Publication Date: February 2025

ISBN: 978-1-77258-532-2

Mothering and Mother(work) in the Times of Black Lives Matter is an edited collection that sprouted alongside the beginnings of the Black Lives Matter movement but seeks to root itself in the historic and ongoing fight against anti-Black, state-sanctioned violence. Utilizing research, personal narratives, poetry and art, this book explores the experience of mothering and “motherwork” alongside these movements and efforts to protect and value Black life. Centering the voices of Black mothers, Black other mothers and Black birthing people, the collection also seeks to explore the just world that Black mothers hope to create for their futures and the futures of their families and communities.
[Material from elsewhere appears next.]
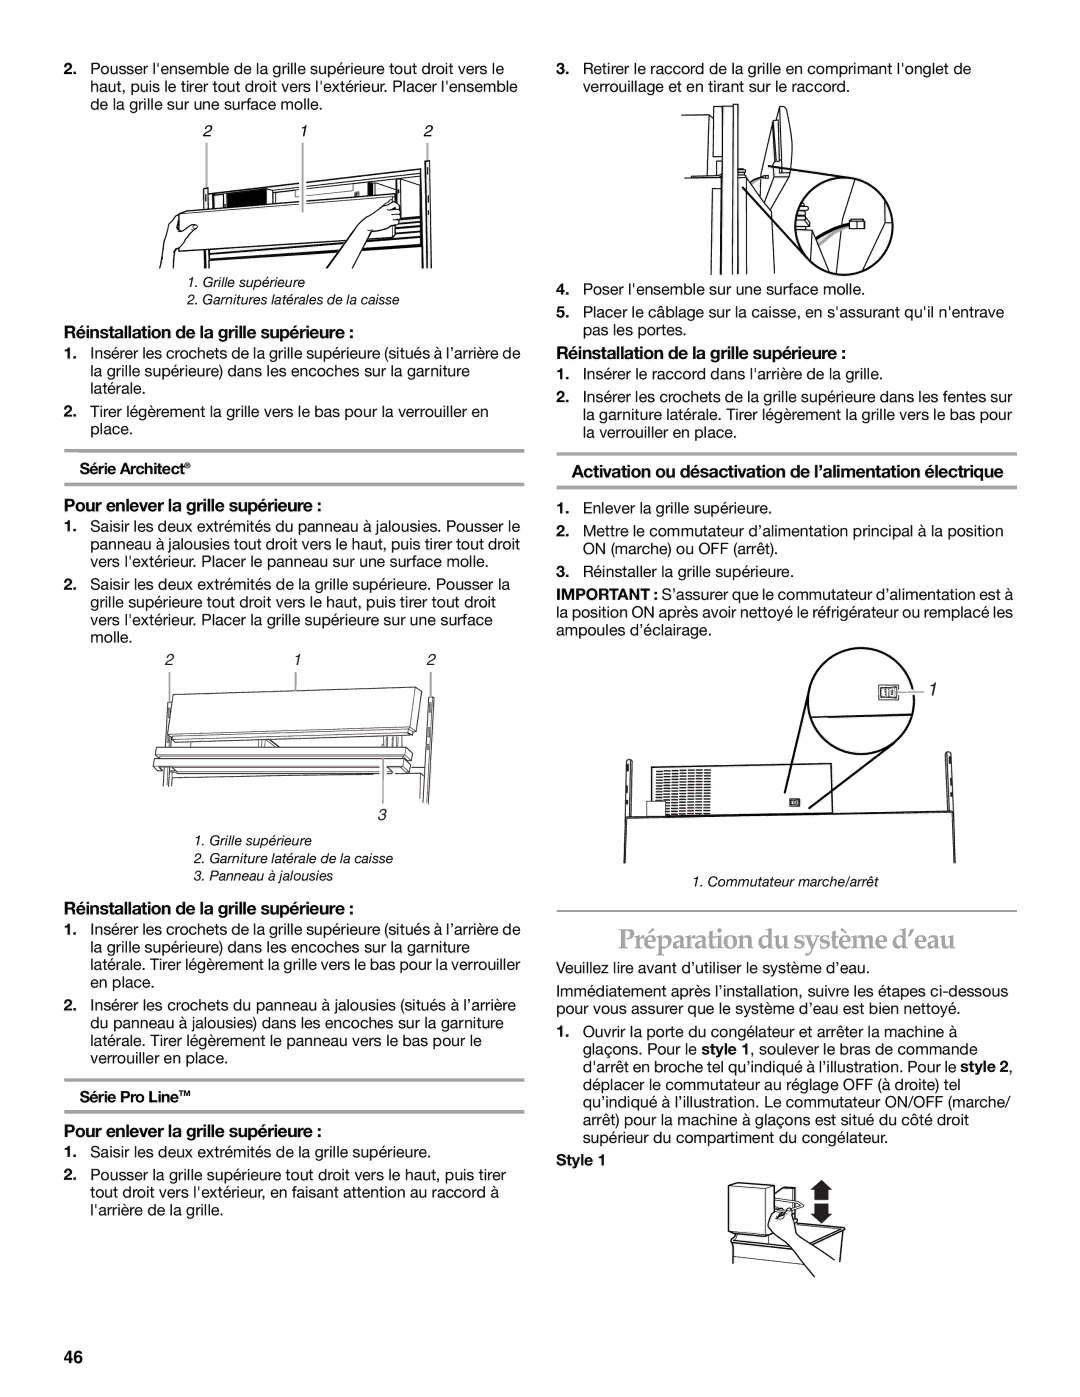 KitchenAid Side-by-Side Referigerator manual Préparation du système d’eau, Réinstallation de la grille supérieure

This collection provides a necessary humanizing and intimate portrait in the scholarship on Black lives. Here, we move beyond slogans and stories of acts of state violence to center mothering, the family, and the Black experience of human yearning as a point of departure. The use of long form scholarship, poetry, and visual art offers an understanding of social movement through a matricentric frame. A timely addition to the scholarship of these turbulent times.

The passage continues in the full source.